SimpleDB is good for a lot of things, but the unpredictable costs (since you're charged for box usage which varies) and network latency make it unsuitable for logging at scale. (like, what if you get 100's of error messages a second?)<p>We use a decidedly low-tech scheme. We log everything to files on local storage. Then we use a command line tool to periodically sync these to S3. Each instance gets its own folder.<p>When we want to query, we have several options. We can run good old grep or tail on one instance -- or on several instances with pssh. We can use the S3 command line tool to process multiple files on an admin machine. Or we could use Hadoop to mess with files in S3 (haven't done that yet...!)<p>Not as snazzy as having each log record stored in a structured fashion, but it's a lot cheaper than SimpleDB.
I put together a similar logging setup for our servers recently; except I'm using CouchDB for my store and NLog (said servers are C#) for the library. Reasons I'm using Couch instead of SimpleDB:<p>1) REST+JSON API made integrating it super-simple (had to add a single line to NLog to set MIME types to make Couch happy)<p>2) We use SDB in our service; so if SDB blows up, not only would things break, we couldn't easily get at our logs to see why.<p>Biggest drawback I've found to Couch in this context is that it loves to devour disk space; you quickly learn to cron some compaction jobs.
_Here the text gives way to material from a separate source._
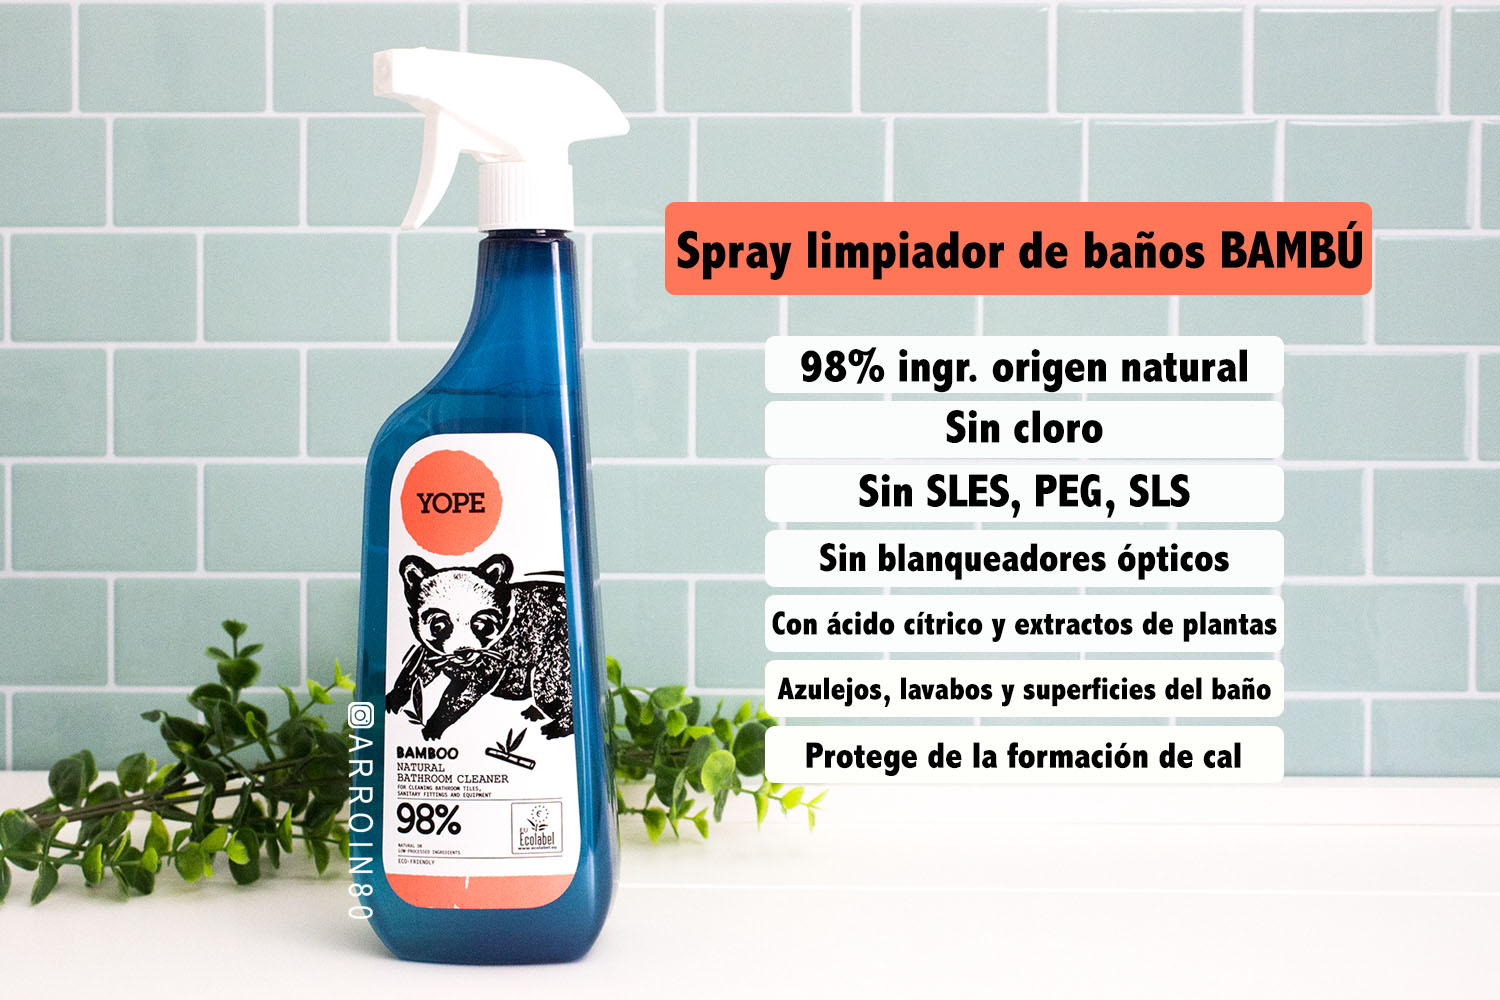 Spray limpiador multiusos - Bambú - YOPE
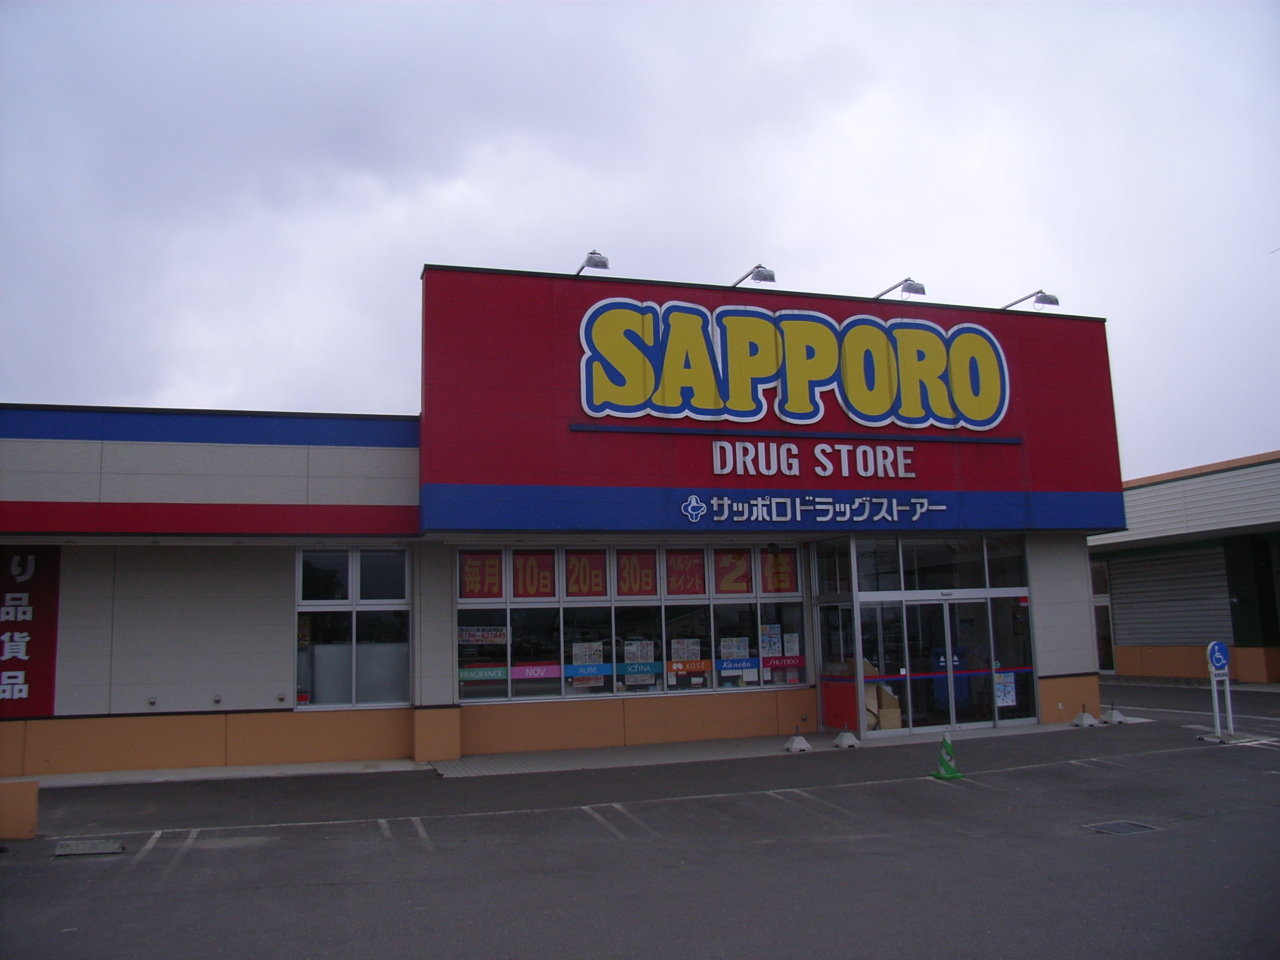 Dorakkusutoa. Sapporo drugstores Nanae shop 252m until (drugstore)

Thanks for your addition. At Peecho, we figured that if SimpleDB goes down, logging would be the least of our troubles. Read here how we tried to maintain our uptime:
<a href="http://www.peecho.com/blog/minimizing-downtime-on-amazon-aws.html" rel="nofollow">http://www.peecho.com/blog/minimizing-downtime-on-amazon-aws...</a><p>--------
Please vote for Peecho in the race for the Accenture Innovation Awards: <a href="http://goo.gl/3xLlC" rel="nofollow">http://goo.gl/3xLlC</a>
Logging seems like the perfect candidate for a relational database. It's a write-heavy system with need for powerful ad-hoc query capabilities. Am I missing something? Why put this in a key-value store?
How do you get around the 10GB/domain limit?<p>What do you do when your fleet gets big enough that you start getting throttled?<p>What's the query latency?<p>How do you delete old log data?